Sunday 28 August 2011

Scarborough, fair enough

Thursday was a good day. My kids' GCSE literature results were amazing and my actual kid got his second diving badge. To celebrate we went on an adventure: camping in Scarborough. Now, to many, nothing less than body-boarding the length of the Amazon counts as an actual adventure but my son and I see any unplanned trip as an adventure and this was our first two-handed camping expedition.




When we arrived I remembered that my kit does not class me as a professional camper. The average family appears to have a tent complete with fitted kitchen, double glazing and escalator, along with a selection of outbuildings housing their gym and fossil collections. My son and I had a tent, a plastic box with plates and a disposable barbecue. So we were pretty hardcore. We managed to get the tent up, our belongings arranged and dinner cooked in just two hours flat.





As you will observe it was a lovely evening and we relished the opportunity to eat al fresco and walk along the cliff path before clambering into our sleeping bags.

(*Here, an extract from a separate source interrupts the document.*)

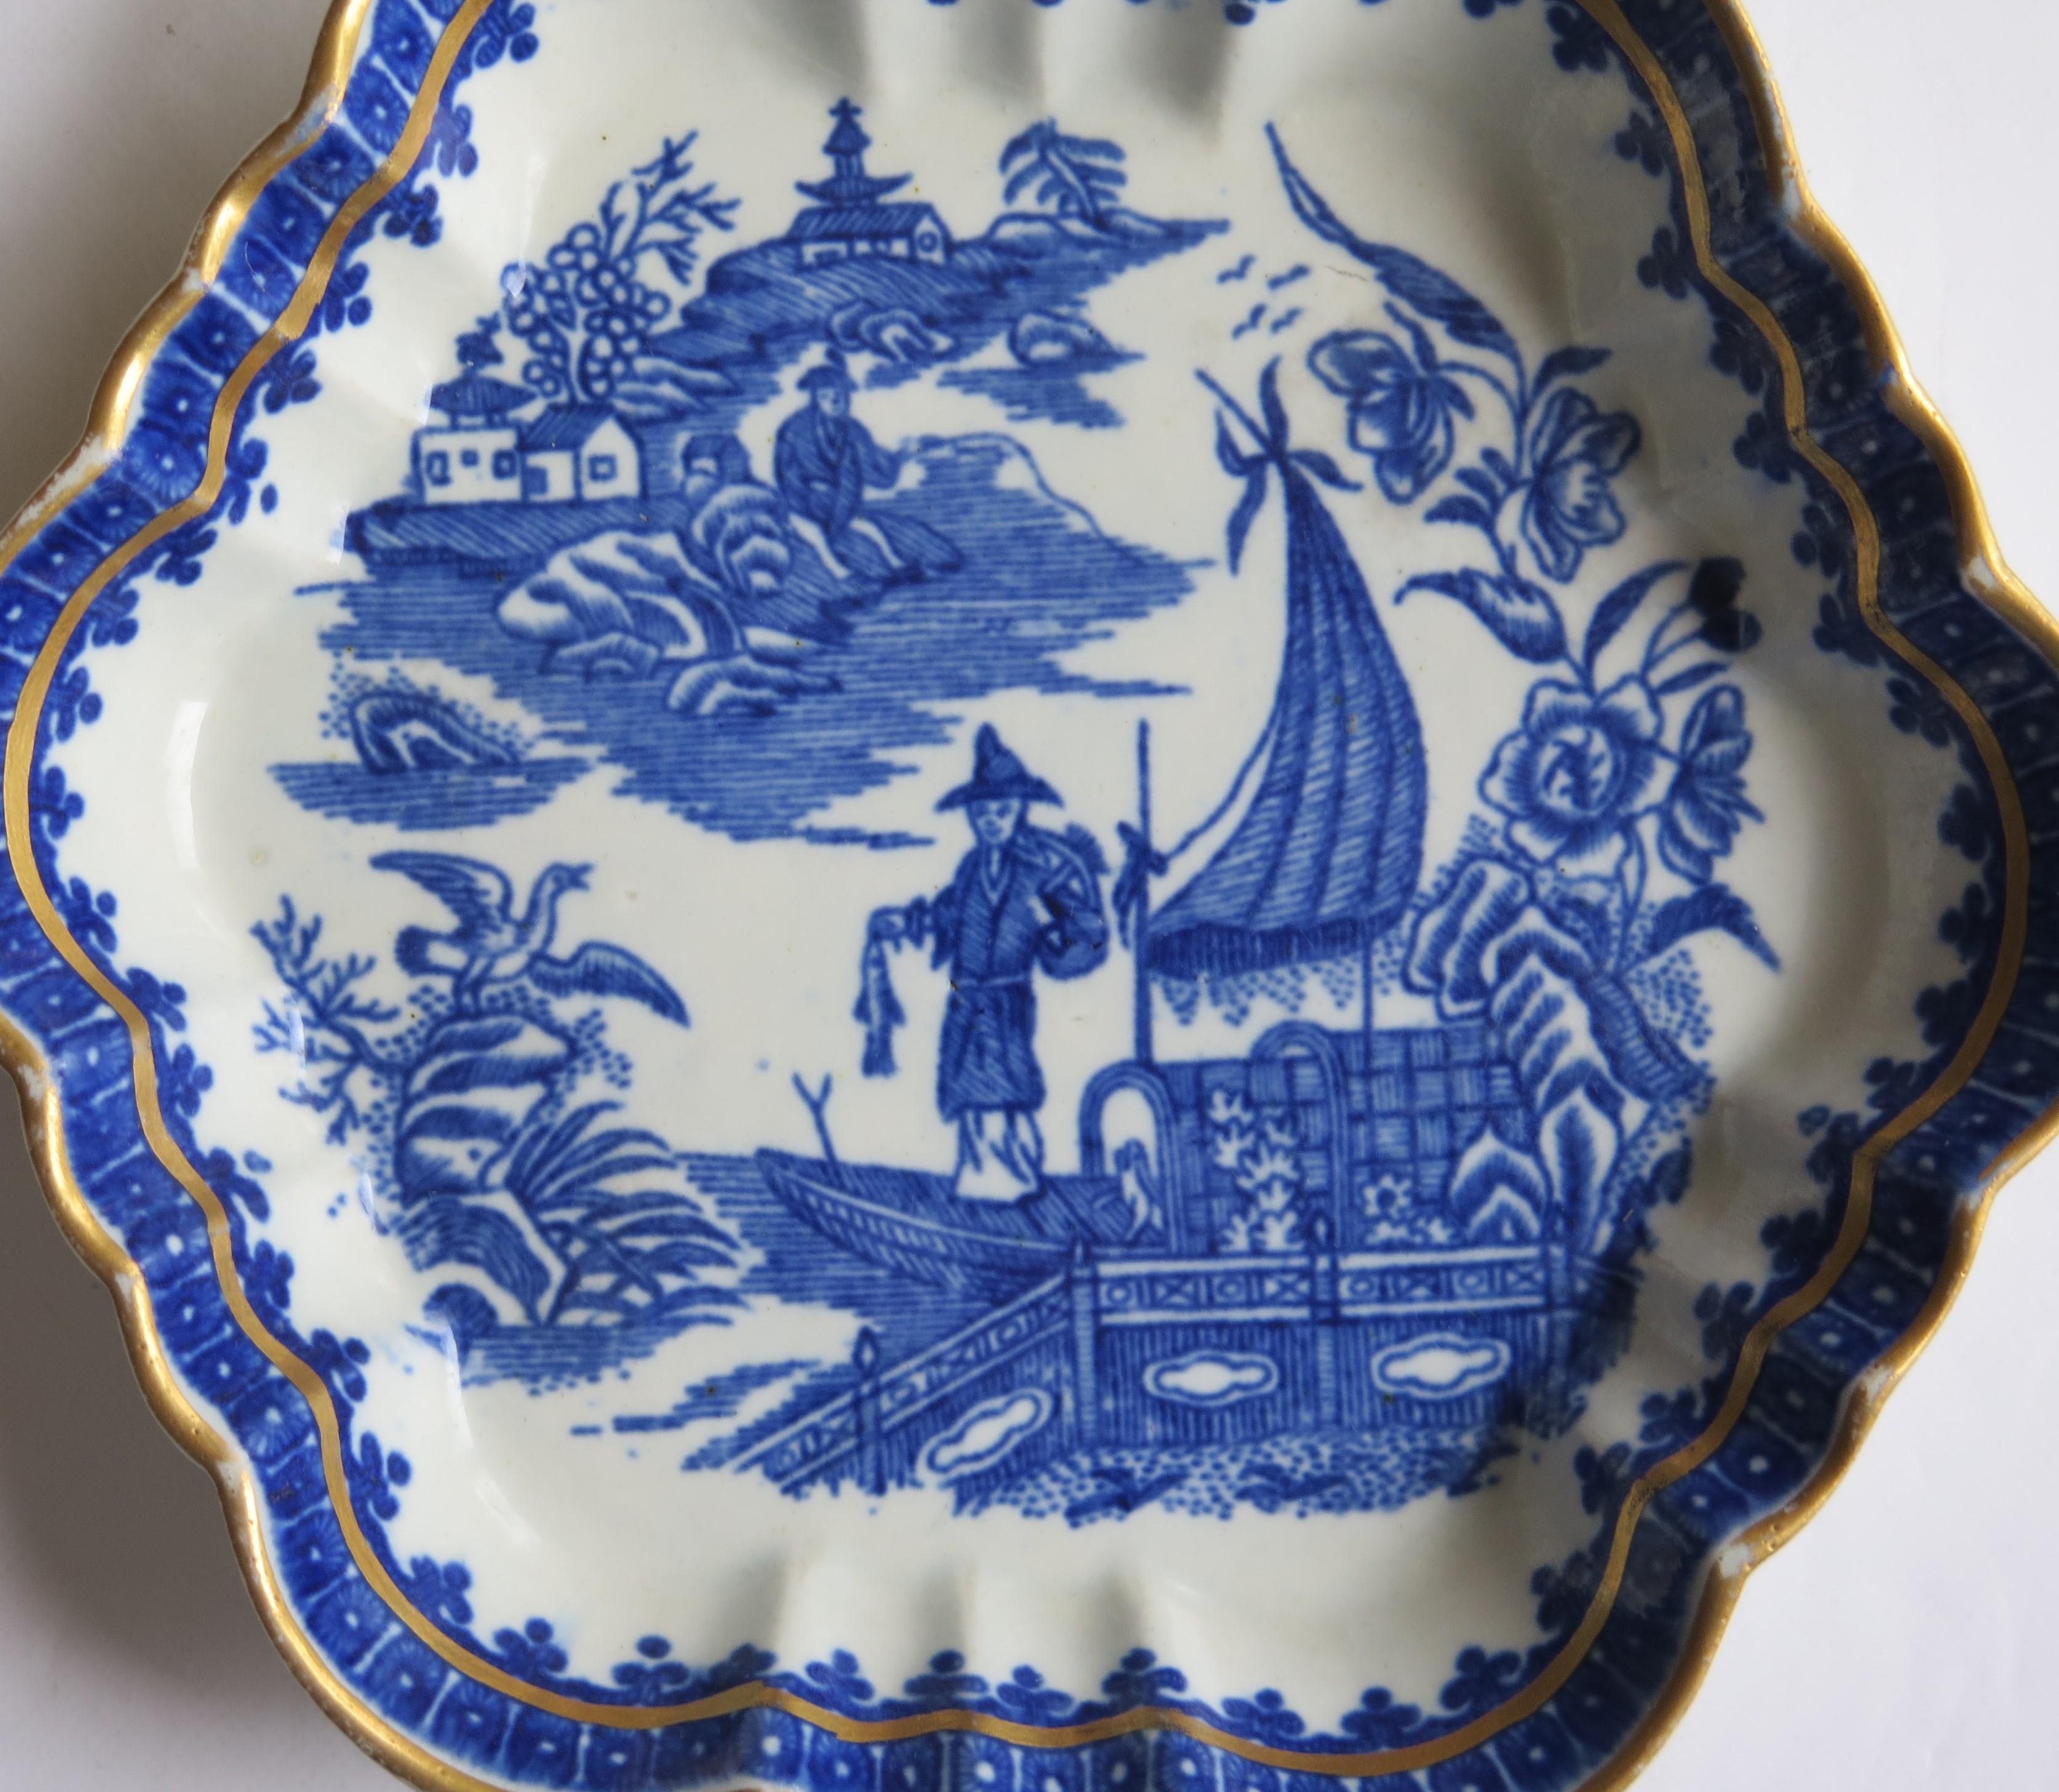 Dies ist eine sehr gute 18. Jahrhundert, Erste Periode (Dr. Wall), Worcester Porzellan Teekannenständer, in Kobaltblau mit dem

Of course, as is traditional, I awoke in the night to the sound of rain and it sheeted down for the next 24 hours. Undaunted, we went to Scarborough Castle for a heritage event based on pirates. There my son learnt lots of facts including that grog was water which had gone brackish and sailors used to pour rum in to sterilise it and drink it with clenched teeth to strain the scum out. They ate biscuit too which was flour, water and salt baked hard for two hours and dipped in ale to kill the weevils that infested it. Clearly, they would have made excellent modern day campers.







Finally, I gave in to the inevitable and we left the camping stove in the tent and went for pizza in town.







Overnight a miracle occurred. The rain stopped. This meant we packed the tent up in the sun and gave my son a chance to play cricket with some other kids on the site.